It can be hard to navigate the different guidelines for labeling. There isn’t one “right answer” for how to label demographic variables. It’s important for researchers to think through what is right for their specific project.
This guide provides reflection questions that may help with this process.
Remember: demographic labeling is a choice with real consequences.
Biorepository research can affect medical care, drug development, public policy, and how resources are shared. Researchers should work to label and sort groups with care and attention.
Do you need to use social or demographic labels at all?
The National Academies of Sciences, Engineering, and Medicine (NASEM) suggests that researchers should “directly evaluate the environmental factors or exposures” that are relevant to the study. They should do this instead of relying on population descriptors as proxies, or stand-ins.(1)
What labeling schema was used in the original dataset(s)?
Could this schema be missing accuracy or detail?
For example, maybe the dataset lists people only as “male” or “female.” Think about how this schema could create stigma or make research less useful for people whose gender does not fit those labels.
Can you update the schema to use community-informed approaches?
Can you do this without affecting the integrity of the dataset?
Researchers reusing repository data may feel limited by the original labeling schema. But there may be methodologically sound ways to improve it.
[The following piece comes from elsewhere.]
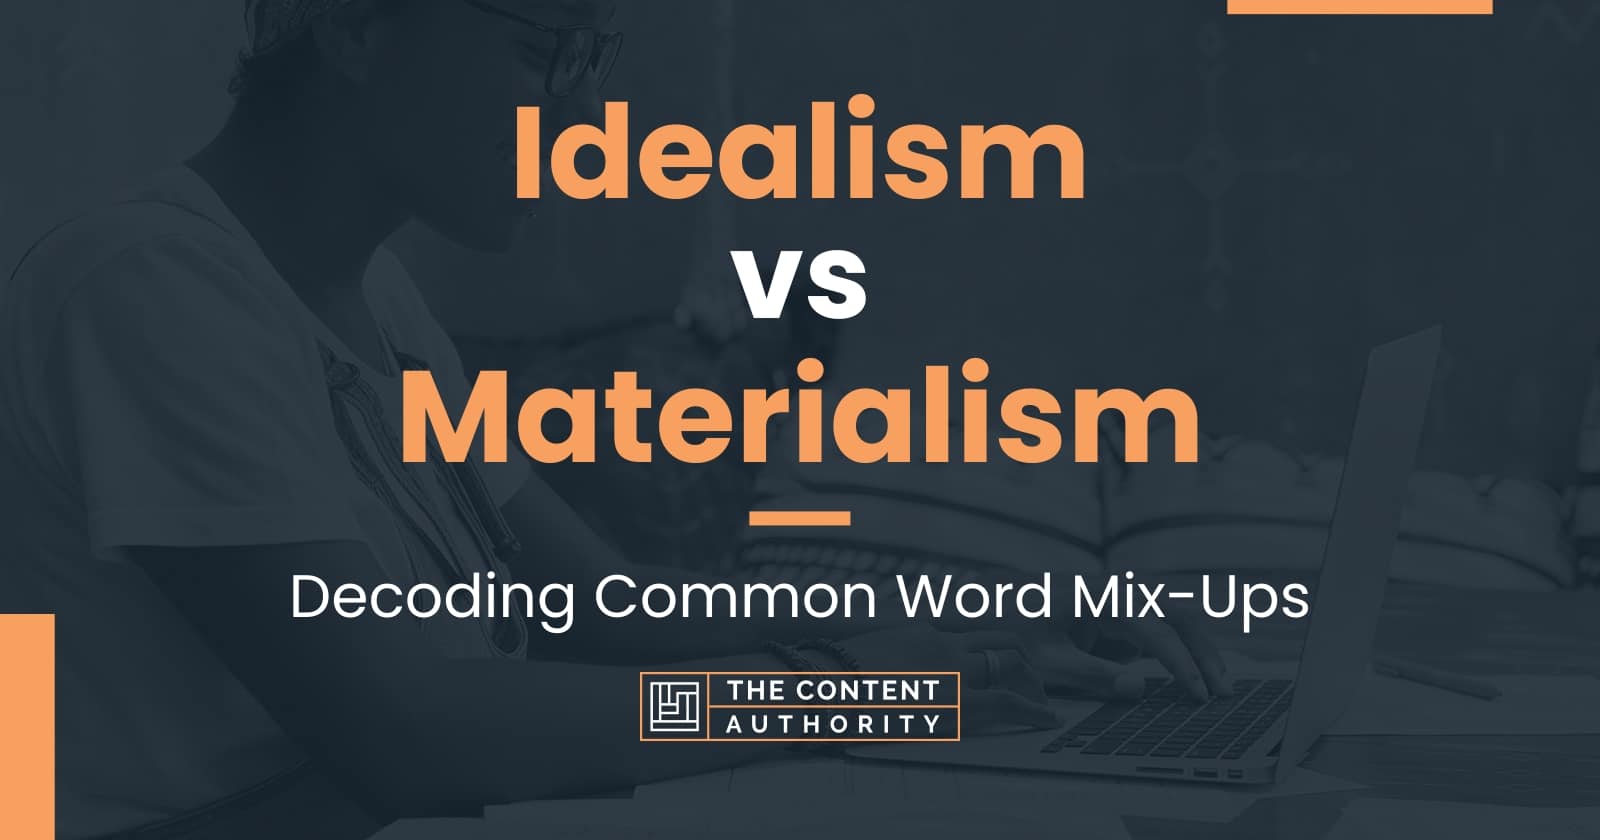 Idealism vs Materialism: Decoding Common Word Mix-Ups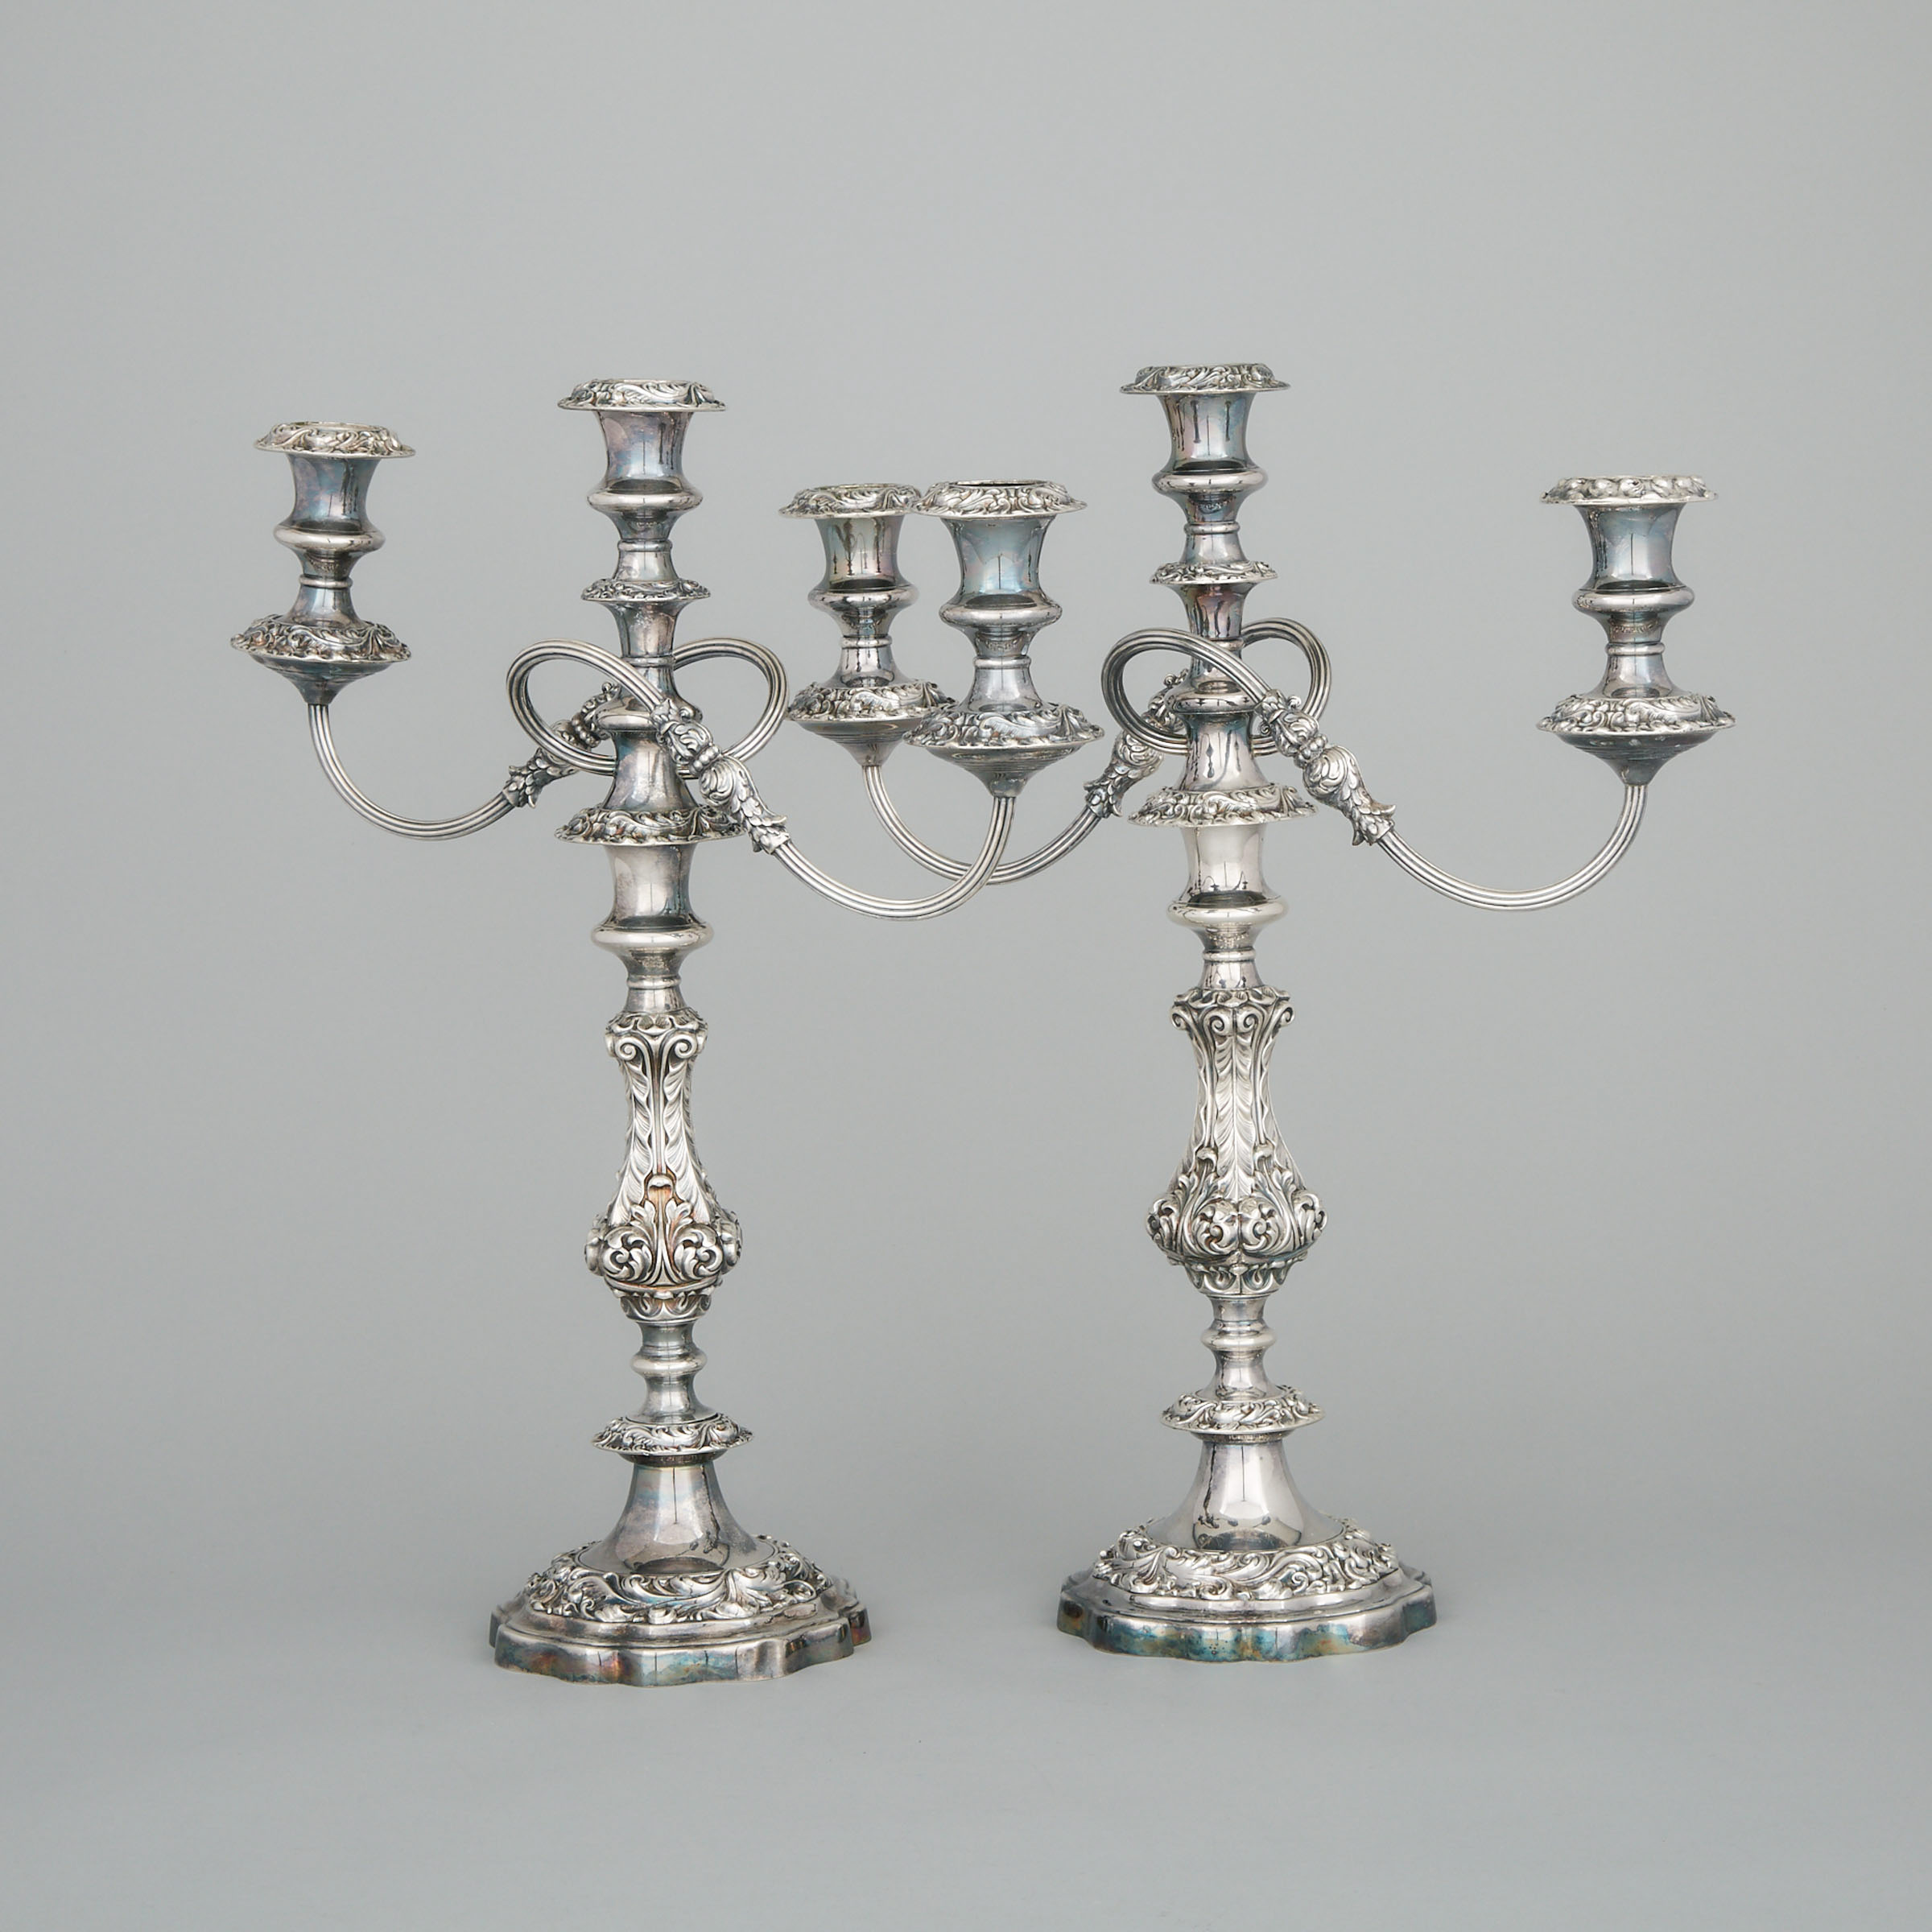 Pair of English 'Regency' Silver Plated Three-Light Candelabra, for Henry Birks & Sons, 20th century

What labeling schema is the most relevant to your research question?
For example, there may or may not be reasons to subdivide the demographic label “women” into “cisgender” and “transgender”. Your choice will depend on your specific research question. If things like hormone use, age at puberty, or certain social factors matter to your study, you might need to subdivide this demographic label.
How will you acknowledge your limitations?
If you plan to publish your study, think about how you can clearly and openly explain the limitations of your labeling schema.